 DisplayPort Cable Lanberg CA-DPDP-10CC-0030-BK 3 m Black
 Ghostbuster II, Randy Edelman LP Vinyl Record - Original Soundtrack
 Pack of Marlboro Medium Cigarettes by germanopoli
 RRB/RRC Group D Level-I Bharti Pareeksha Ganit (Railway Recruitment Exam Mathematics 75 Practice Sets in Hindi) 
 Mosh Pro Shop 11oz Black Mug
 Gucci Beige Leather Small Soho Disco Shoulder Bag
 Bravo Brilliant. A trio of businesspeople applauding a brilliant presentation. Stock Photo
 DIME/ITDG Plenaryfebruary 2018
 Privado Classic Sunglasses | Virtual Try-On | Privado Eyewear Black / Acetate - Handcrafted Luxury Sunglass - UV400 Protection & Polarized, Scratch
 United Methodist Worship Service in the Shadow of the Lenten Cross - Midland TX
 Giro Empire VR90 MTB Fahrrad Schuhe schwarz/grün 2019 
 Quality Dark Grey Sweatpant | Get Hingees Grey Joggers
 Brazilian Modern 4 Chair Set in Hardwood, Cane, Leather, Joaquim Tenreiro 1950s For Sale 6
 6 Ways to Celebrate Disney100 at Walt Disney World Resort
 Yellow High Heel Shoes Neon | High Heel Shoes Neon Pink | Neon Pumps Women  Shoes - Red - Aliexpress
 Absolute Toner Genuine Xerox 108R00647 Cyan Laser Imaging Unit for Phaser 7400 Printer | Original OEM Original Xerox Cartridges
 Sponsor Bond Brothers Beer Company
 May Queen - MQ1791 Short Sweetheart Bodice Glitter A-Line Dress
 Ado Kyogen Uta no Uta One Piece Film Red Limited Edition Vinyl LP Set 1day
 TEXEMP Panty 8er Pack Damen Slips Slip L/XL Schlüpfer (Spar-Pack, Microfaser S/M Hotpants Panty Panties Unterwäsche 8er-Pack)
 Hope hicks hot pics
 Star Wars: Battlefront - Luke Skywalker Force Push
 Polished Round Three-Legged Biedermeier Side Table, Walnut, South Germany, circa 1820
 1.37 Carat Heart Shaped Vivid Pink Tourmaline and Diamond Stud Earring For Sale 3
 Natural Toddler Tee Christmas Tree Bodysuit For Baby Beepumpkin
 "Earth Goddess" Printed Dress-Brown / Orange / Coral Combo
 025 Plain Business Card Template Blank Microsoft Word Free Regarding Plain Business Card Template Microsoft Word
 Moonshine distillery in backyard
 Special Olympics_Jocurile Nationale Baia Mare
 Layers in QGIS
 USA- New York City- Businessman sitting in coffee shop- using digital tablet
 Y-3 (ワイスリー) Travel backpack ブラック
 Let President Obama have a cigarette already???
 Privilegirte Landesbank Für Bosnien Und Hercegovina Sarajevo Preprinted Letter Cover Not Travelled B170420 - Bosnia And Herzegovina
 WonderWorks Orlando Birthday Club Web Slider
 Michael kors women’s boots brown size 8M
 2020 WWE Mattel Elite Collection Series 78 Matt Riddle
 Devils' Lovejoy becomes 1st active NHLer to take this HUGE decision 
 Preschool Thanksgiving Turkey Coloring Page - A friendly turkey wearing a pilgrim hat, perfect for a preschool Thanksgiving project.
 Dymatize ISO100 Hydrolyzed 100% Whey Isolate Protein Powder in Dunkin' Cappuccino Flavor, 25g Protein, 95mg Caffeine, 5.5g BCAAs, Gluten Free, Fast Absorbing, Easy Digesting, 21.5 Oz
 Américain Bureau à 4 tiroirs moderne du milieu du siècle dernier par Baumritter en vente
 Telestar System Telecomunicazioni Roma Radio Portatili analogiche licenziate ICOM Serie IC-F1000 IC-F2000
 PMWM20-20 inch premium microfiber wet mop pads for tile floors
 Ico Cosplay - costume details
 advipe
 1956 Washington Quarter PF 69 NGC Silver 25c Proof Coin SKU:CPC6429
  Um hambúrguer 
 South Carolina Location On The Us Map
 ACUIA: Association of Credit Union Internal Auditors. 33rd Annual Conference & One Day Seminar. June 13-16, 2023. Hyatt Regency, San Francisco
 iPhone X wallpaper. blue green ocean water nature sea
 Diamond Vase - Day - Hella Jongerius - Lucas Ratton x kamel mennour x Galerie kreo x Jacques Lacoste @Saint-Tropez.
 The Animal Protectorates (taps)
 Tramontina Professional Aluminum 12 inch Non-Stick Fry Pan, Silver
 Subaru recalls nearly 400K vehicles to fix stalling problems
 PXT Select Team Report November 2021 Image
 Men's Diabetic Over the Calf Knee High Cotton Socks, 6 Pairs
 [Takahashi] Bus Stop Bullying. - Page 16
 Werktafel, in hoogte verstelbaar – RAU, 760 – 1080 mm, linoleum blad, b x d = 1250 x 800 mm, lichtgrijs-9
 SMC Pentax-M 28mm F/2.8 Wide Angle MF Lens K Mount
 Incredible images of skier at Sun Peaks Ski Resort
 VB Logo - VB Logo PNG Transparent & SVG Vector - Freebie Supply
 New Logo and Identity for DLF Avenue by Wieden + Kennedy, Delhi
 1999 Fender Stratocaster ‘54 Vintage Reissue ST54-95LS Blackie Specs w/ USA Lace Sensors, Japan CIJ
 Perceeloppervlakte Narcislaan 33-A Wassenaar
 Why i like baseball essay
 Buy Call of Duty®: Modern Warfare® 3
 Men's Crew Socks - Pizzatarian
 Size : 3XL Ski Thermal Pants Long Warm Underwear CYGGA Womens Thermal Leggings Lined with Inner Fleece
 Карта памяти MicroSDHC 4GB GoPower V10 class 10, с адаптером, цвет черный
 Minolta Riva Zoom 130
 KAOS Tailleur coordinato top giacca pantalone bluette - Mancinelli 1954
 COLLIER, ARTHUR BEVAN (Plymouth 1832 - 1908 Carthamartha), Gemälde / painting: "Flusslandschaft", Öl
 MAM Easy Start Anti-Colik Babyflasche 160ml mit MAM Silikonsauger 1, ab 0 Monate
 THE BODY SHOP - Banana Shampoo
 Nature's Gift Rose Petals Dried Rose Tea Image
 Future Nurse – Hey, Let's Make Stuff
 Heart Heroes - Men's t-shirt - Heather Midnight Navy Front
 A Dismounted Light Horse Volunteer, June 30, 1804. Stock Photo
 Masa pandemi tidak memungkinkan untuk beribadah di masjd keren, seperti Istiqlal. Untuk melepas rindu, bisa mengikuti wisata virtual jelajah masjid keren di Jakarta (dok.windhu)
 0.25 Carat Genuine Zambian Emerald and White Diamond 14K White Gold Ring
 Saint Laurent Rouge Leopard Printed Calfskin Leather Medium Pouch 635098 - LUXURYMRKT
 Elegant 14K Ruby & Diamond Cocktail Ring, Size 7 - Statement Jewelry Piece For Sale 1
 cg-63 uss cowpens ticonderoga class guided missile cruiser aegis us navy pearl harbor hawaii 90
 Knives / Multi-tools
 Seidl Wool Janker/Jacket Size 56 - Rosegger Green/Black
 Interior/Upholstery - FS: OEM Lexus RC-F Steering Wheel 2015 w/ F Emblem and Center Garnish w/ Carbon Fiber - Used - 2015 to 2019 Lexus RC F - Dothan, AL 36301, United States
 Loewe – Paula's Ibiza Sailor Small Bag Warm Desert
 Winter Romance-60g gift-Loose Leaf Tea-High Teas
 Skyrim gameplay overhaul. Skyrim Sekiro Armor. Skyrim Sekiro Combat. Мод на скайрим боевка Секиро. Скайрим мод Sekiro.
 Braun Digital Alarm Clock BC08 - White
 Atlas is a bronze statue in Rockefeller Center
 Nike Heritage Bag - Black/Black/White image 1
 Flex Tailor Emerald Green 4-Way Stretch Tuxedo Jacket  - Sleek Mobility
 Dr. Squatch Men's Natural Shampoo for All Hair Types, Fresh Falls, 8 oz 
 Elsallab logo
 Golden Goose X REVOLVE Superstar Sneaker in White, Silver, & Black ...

_Brief_
Starting at the line that has "MAM Easy Start" and ending at the line that has "A Dismounted Light", please write out the lines above exactly, leaving out all others.

_Written response_
 MAM Easy Start Anti-Colik Babyflasche 160ml mit MAM Silikonsauger 1, ab 0 Monate
 THE BODY SHOP - Banana Shampoo
 Nature's Gift Rose Petals Dried Rose Tea Image
 Future Nurse – Hey, Let's Make Stuff
 Heart Heroes - Men's t-shirt - Heather Midnight Navy Front
 A Dismounted Light Horse Volunteer, June 30, 1804. Stock Photo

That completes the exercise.